(Help) Beginner Advice/Guidance for Importing Paired-End Reads

Chang_Ega · November 7, 2019, 4:44pm

Hi everyone, I am very new to QIIIME 2 (with no prior experience in microbiome bioinformatics) and I would like to seek advice on how to correctly import paired-end reads as shown below.

I have gone through the attacama and import tutorials.
I tried running the manifest format only to realize that it only works for demultiplexed reads as the error output was:

There was a problem importing /Users/ega/Augmentin/pe-64-manifest:

/Users/ega/Augmentin/pe-64-manifest is not a(n) PairedEndFastqManifestPhred64V2 file:

Does this also validate that my reads are multiplexed? (pardon me if this sounds like a redundant question)

I also tried the EMP multiplexed paired-end protocol, of which requires 3 files, namely, forward, reverse and barcode sequences. And I am unsure how to 'merge' all the forward reads from different samples into a single file as the tutorial comes with ready-to-import forward, reverse and barcode sequences.

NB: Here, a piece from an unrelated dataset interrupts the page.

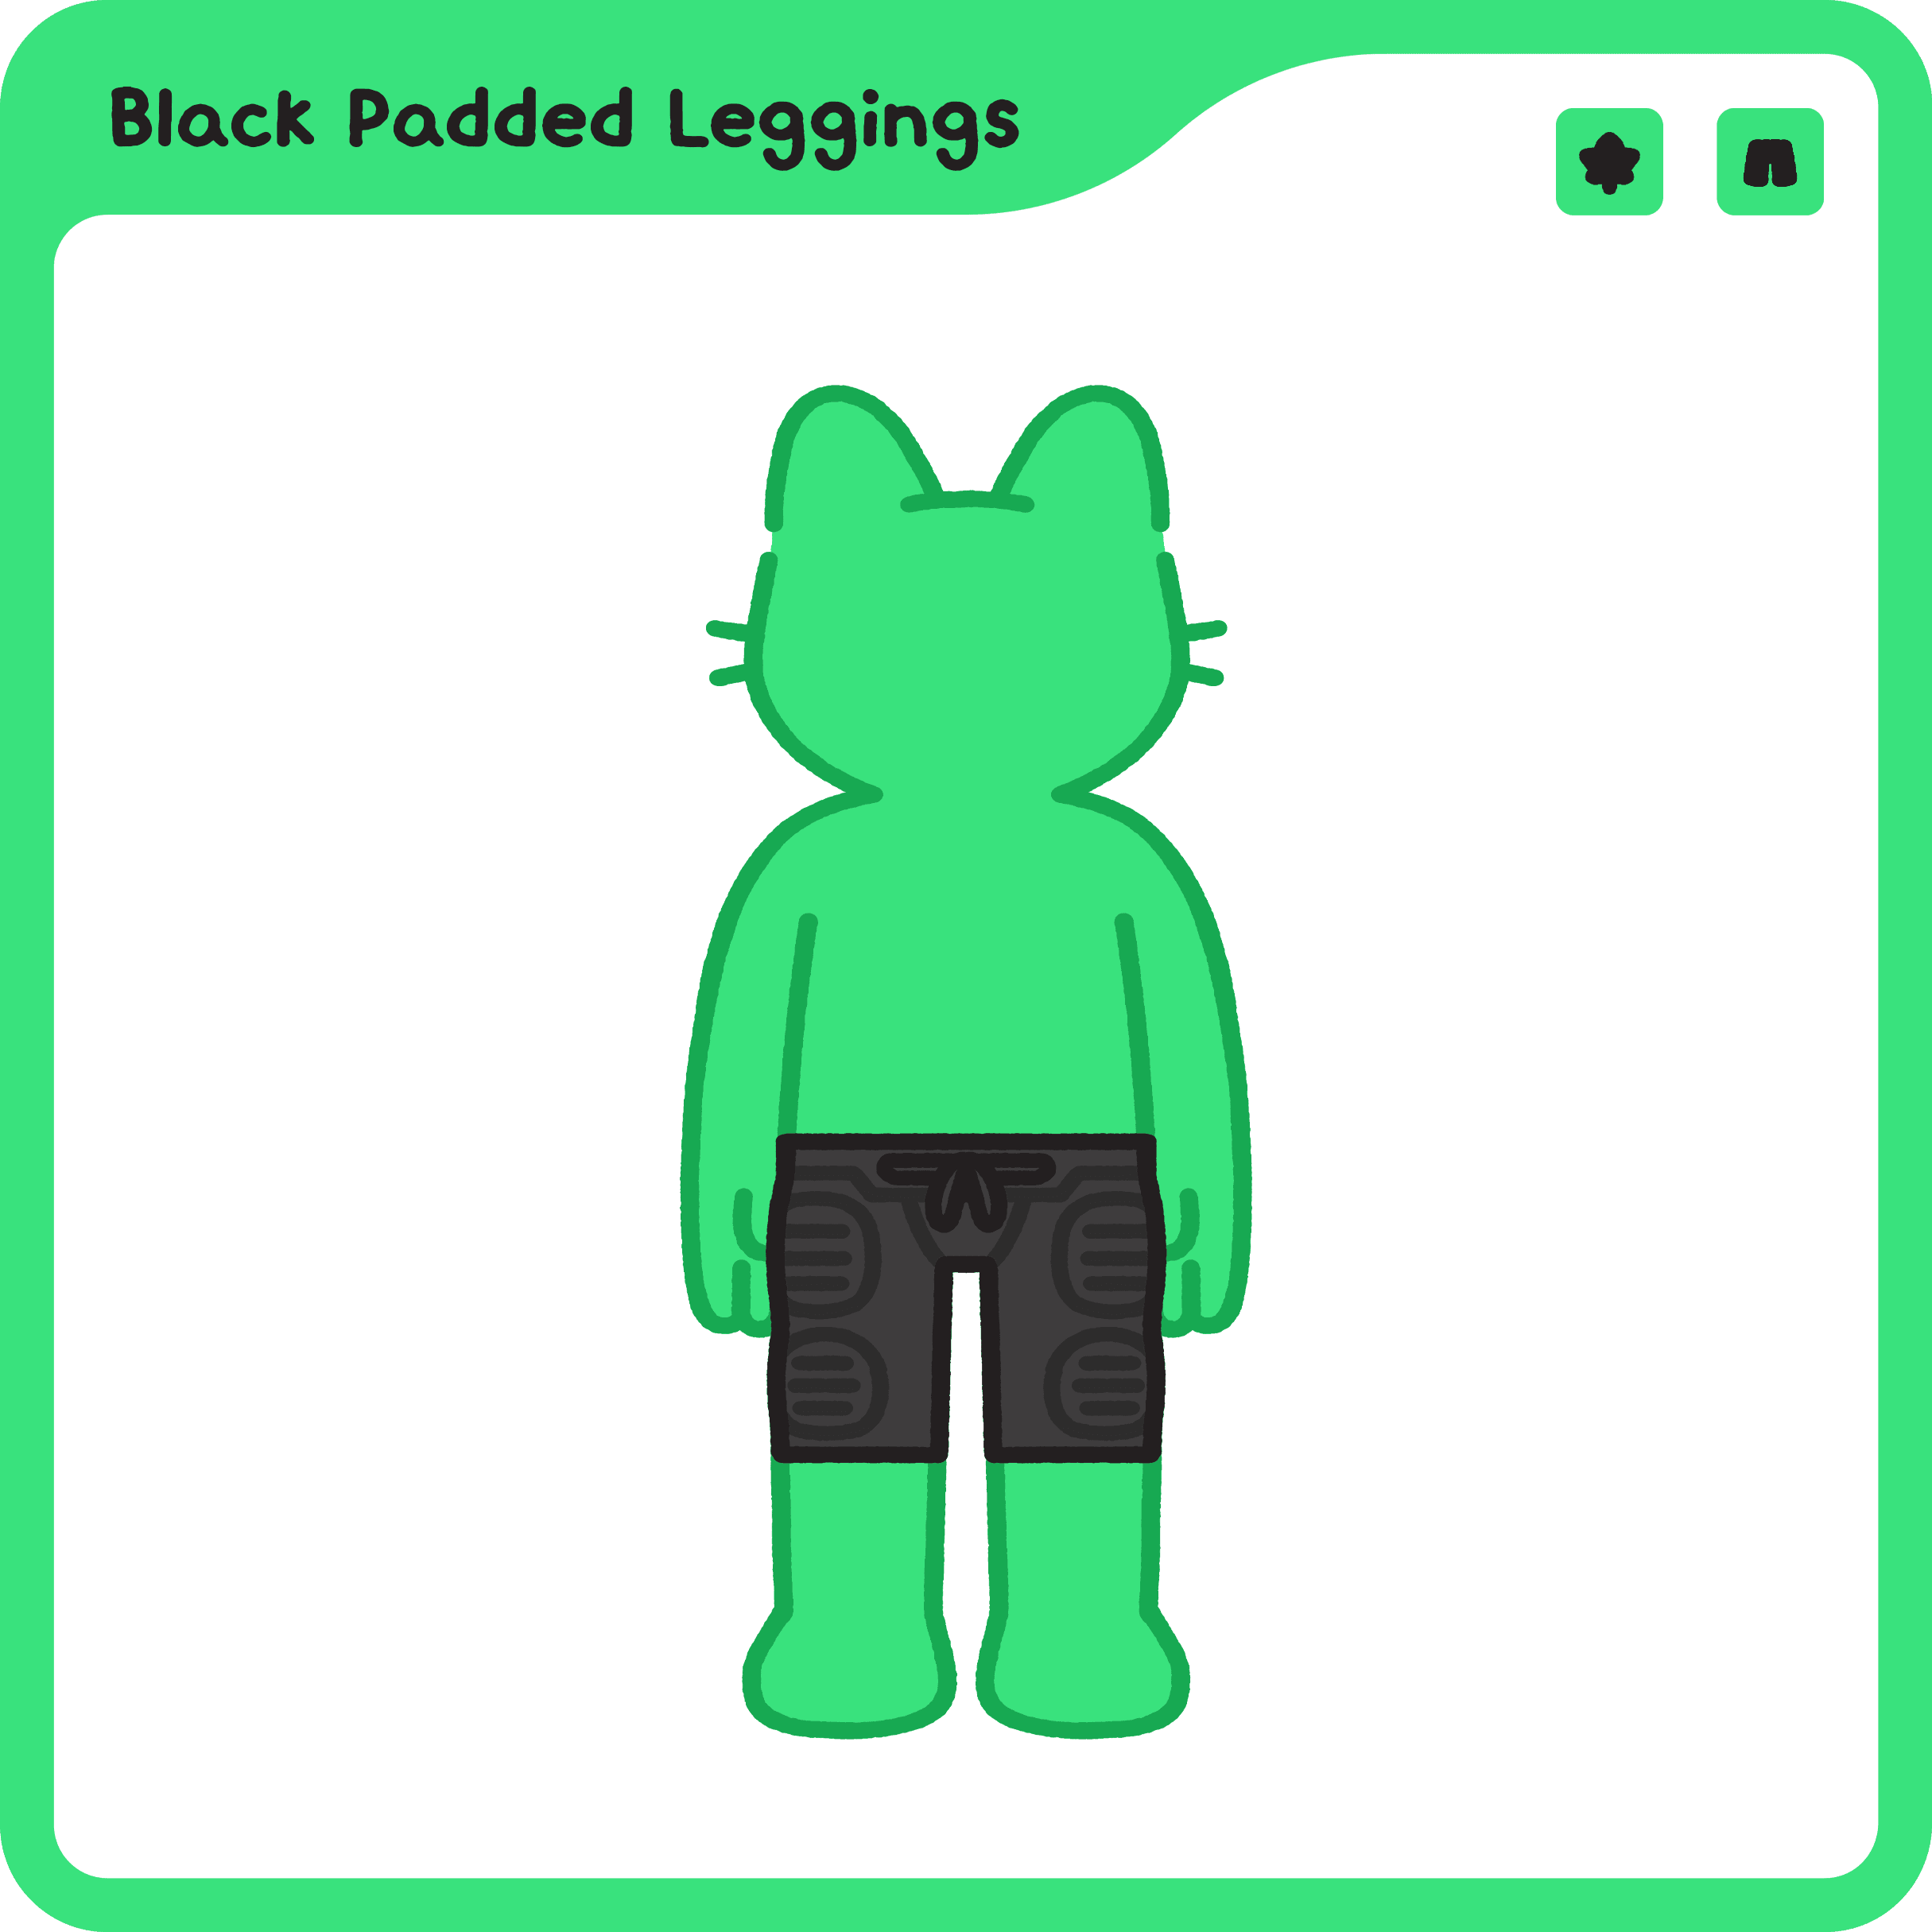 Black Padded Leggings

The sequencing files are in the respective folders shown here:

These are the files shown in S1D0:

Barcode sequence is also provided by the sequencing company in a .xls file:

These are the notes provided by the sequencing company:

Hence, from the above notes, _1.fq.gz and _2.fq.gz files seems to have their barcodes and primer sequences removed.

Do i have to 'merge' all the forward and reverse reads from different samples into a single forward and reverse file ? (like how the attacama tutorial does it)
How do i create a barcodes.fast.qz from the .xls file (if it is even required at ll)
If so how do i do it. If not, what are some alternatives to import the sequences given my specific circumstances.

Will appreciate all advice and feel free to ask clarifying questions for a better understanding of my current situation.

jwdebelius · November 7, 2019, 4:47pm

HI @Chang_Ega,

Welcome to the :qiime2: forum!

It looks like your reads are already demultiplexed! So, a manifest format would be appropriate for you. Your error message said you didn't have a paired end manifest - that doesn't mean that your data isn't already demultiplexed, it means that your manifest may not be formatted correctly, so let's work through that problem!

It also (potentially) looks like some quality control has been done to your reads. That may limit how you're able to process them, so double check with your sequencing provider to see whether thats true or not.

Best,
Justine

Chang_Ega · November 8, 2019, 4:02pm

Evening @jwdebelius,
Thank you addressing my questions. I am still facing the same issue with the following error output:

There was a problem importing pe-64-manifest:

pe-64-manifest is not a(n) PairedEndFastqManifestPhred64V2 file:

Filepath on line 9 and column "forward-absolute-filepath" could not be found (/Users/ega/Augmentin/SequencingData/00.RawData/S2D2FDMP19H002103-1a_L1_S2D2_1.fq.gz) for sample "S2D2".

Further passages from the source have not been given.